Class can be defined as the ability to bestow dignity on others.
That's because Mr .Hackett seems to be a GENTLEMAN.😀
That's how I've always felt abut him 😀
To me Phil Collins is a bit of a clown .Over the years I just don't like him that much.
lamb is possibly the greatest rock/prog album ever made. it is one of 2 albums that i never get tried of listening to. the other is pink floyd animals.
It's always interesting to hear everyone/anyone in the band at that time talk about how they all either hated the album, hated the concept or hated Gabriel for performing in costume on tour. What they all fail to accept is that all of those particular tensions might have amounted to the very reason this album was/is such a success with the die-hard Genesis fans.
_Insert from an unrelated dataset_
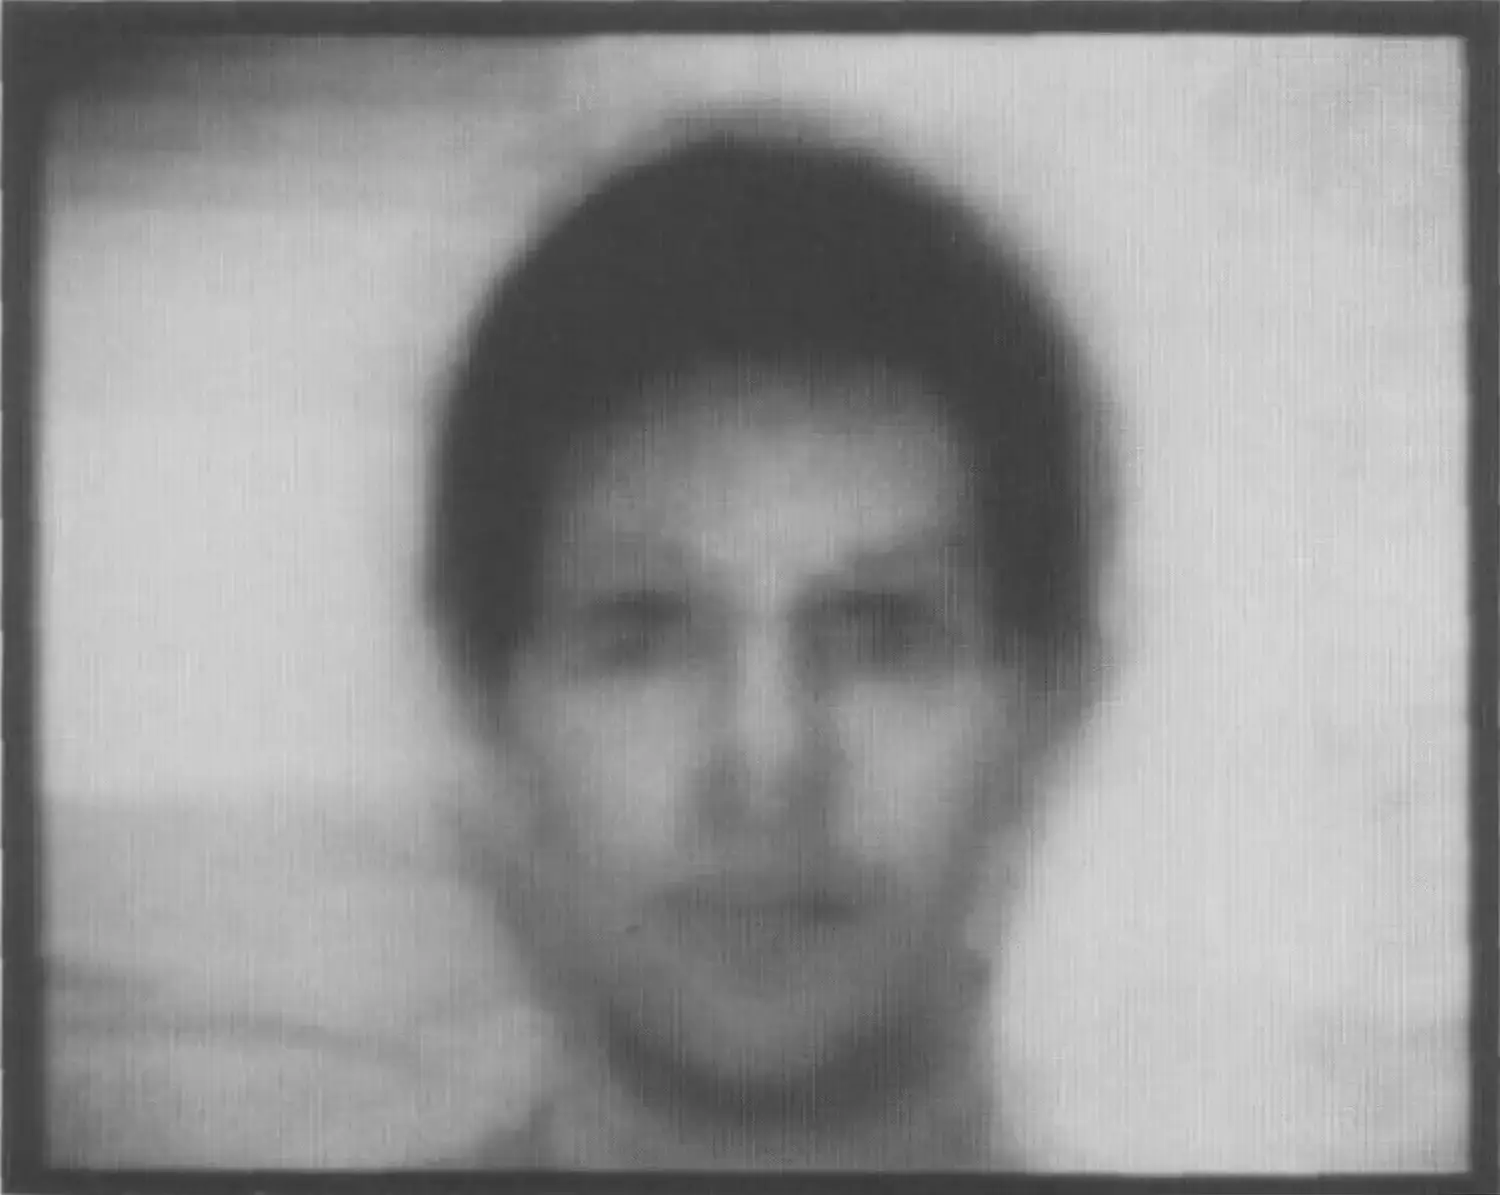 A greyscale image of that depicts a hazy male face with short, dark hair.

To me ....this album has never aged one bit which in my mind is a testament on how far advanced they were at the time.
I guess looking back they simply loathe this or that about it because it wasn't a very look backable time. As you tend to do.
You're right about that😀
Hes played tracks from the lamb...I wouldn't expect him to do whole thing...
Their greatest. Still holds up as a whole. The other albums (Gabriel period) has tracks that has aged terribly as well as highlights, but this ...
There is a wonderful recent production of the Lamb by a community music group, I believe in Delaware. Well executed and filmed. Do a search on UA-cam for it. They call themselves the Rock Orchestra.
Before COVID raised its ugly head, Steve was doing meet n greets with fans before his shows with a special unheard set of Lamb material. So while doing The Lamb in its entirety is off the table, we can hope for maybe a compilation of The Lamb’s top tunes. Maybe for the albums 50th anniversary.
Funny Steve should mention that claustrophobic feel surrounding the entirety of listening to The Lamb Lies Down On Broadway. Cos I as a fan have always felt the very same about it. Just like Steve, I like to listen to bits and pieces of it which they played live over the years, like of course the title track, Broadway Melody of 1974, The Carpet Crawlers, In The Cage, It, or I happen to have a Peter Gabriel bootleg where he plays Back In NYC (with Fripp on guitar!), but I don't at all enjoy the album in its entirety. It's what I would call "uneasy listening".
Steve looks like a painting come to life!!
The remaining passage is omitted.